When’s the last time you read your homeowner’s insurance policy? Didn’t think so.
But you might consider doing so, particularly in light of all of the discussions surrounding climate change – a nearly 2 degree Fahrenheit increase in summer temperatures over the past 20 years – and studies finding that wildfires in California could increase by 20% or more by the 2040s, and that the total burned area could increase by 25% or more.
In the next case, Vulk v. State Farm (2021) 69 Cal.App.5th 243, one homeowner found out too late (after his house burned to the ground) that his homeowner’s insurance policy didn’t provide the coverage that he thought it did.
The Vulk Case
In September 2014, Gary Andrighetto’s house in Weed, California burned to the ground during the Boles fire in Siskiyou County. Andrighetto’s house had been insured by State Farm General Insurance Company. State Farm had insured the house, a three bedroom, two bath house, with two-car garage comprising approximately 1,500 square feet, since 1993.
At the time that Andrighetto renewed his homeowner’s insurance policy in 2013, the coverage limit on the dwelling $184,900, plus $18,490 for dwelling extension coverage.
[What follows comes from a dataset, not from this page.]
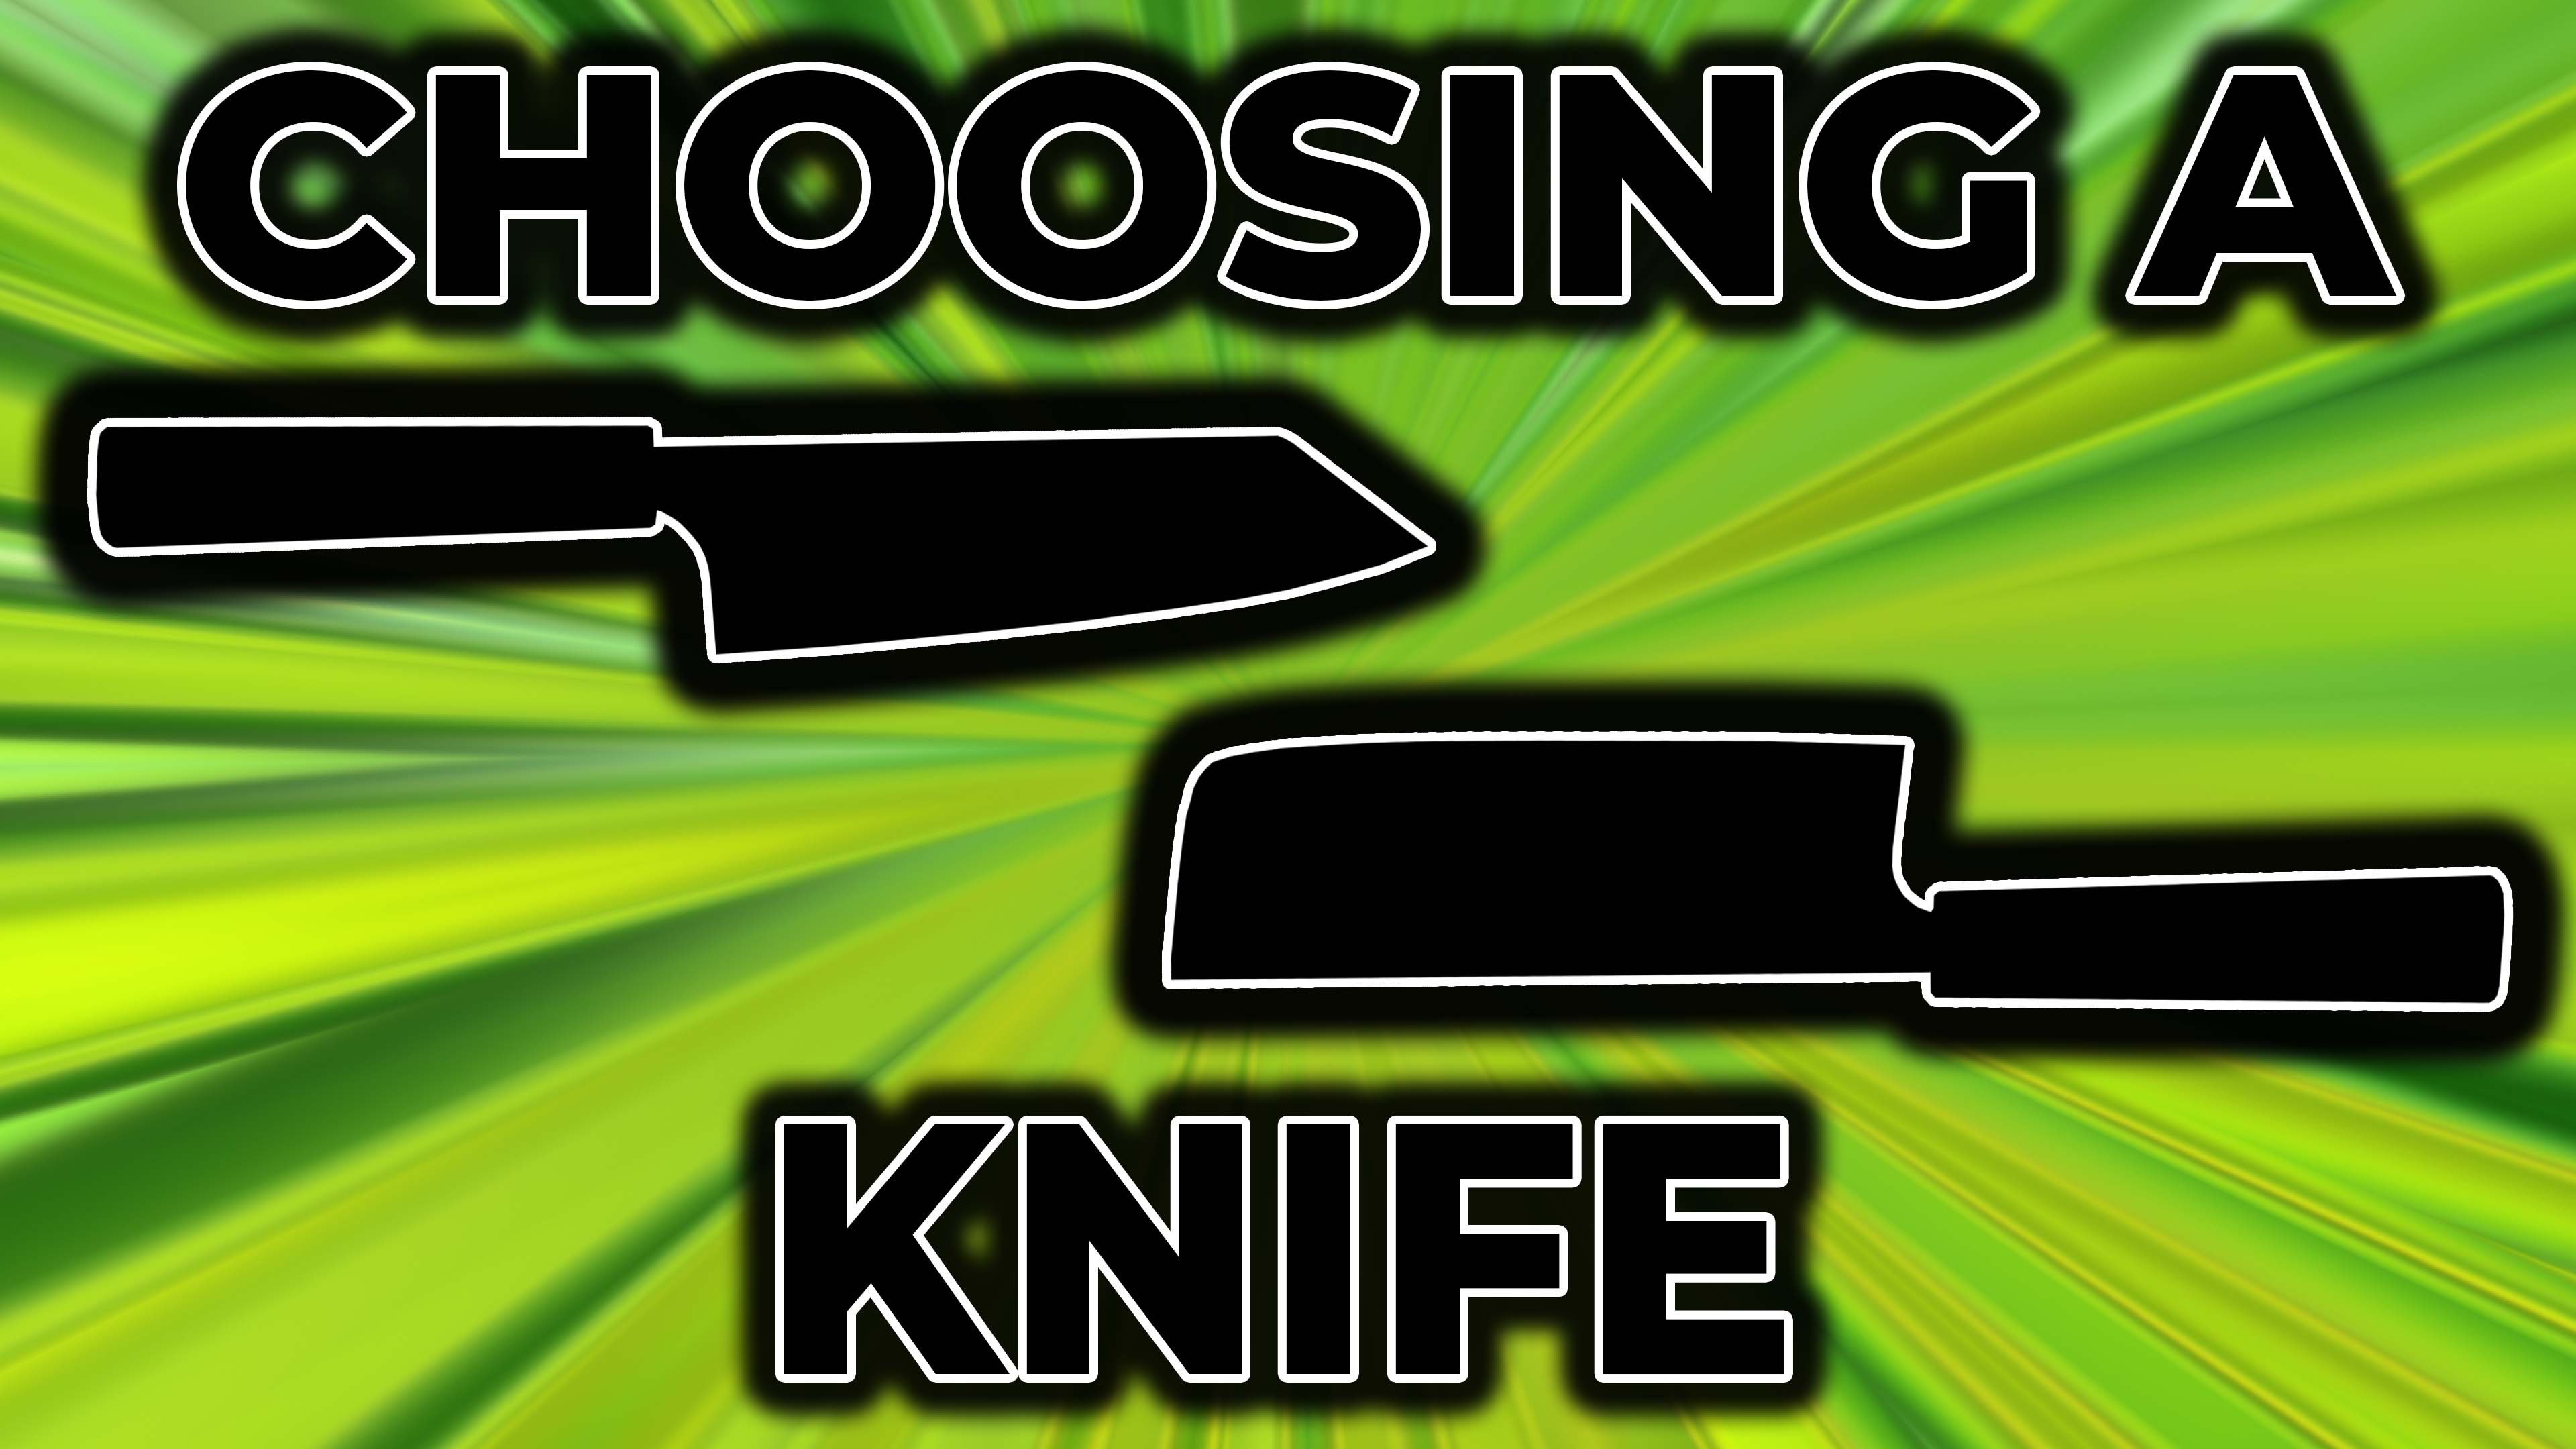 How to Choose a knife

The dwelling-related coverage limits also included three optional coverages,: (1) Option ID, which provided an additional sum equal to 20% of the policy maximum for increased dwelling and dwelling extension costs; (2) Option OL, which provided an additional sum equal to 10% of the policy maximum for statutory building code compliance costs; and (3) an additional sum equal to 5% of the policy maximum for dwelling debris removal costs.
In addition to the annual renewal certificate, State Farm would send a California Residential Insurance disclosure form required under Insurance Code section 10102. The form defined various types of insurance coverage including: (1) “replacement cost coverage” which “only pays for replacement costs up to the limits specified in [the] policy”; (2) “extended replacement cost coverage” which “provides additional coverage above the dwelling limits up to a stated percentage or specific dollar amount” and (3) “guaranteed replacement cost coverage” which “covers the full cot to repair or replace the damaged or destroyed dwelling . . . regardless of the dwelling limits shown on the policy declarations page.” The form sent to Andrighetto in 2012 advised that he had purchased extended replacement coverage.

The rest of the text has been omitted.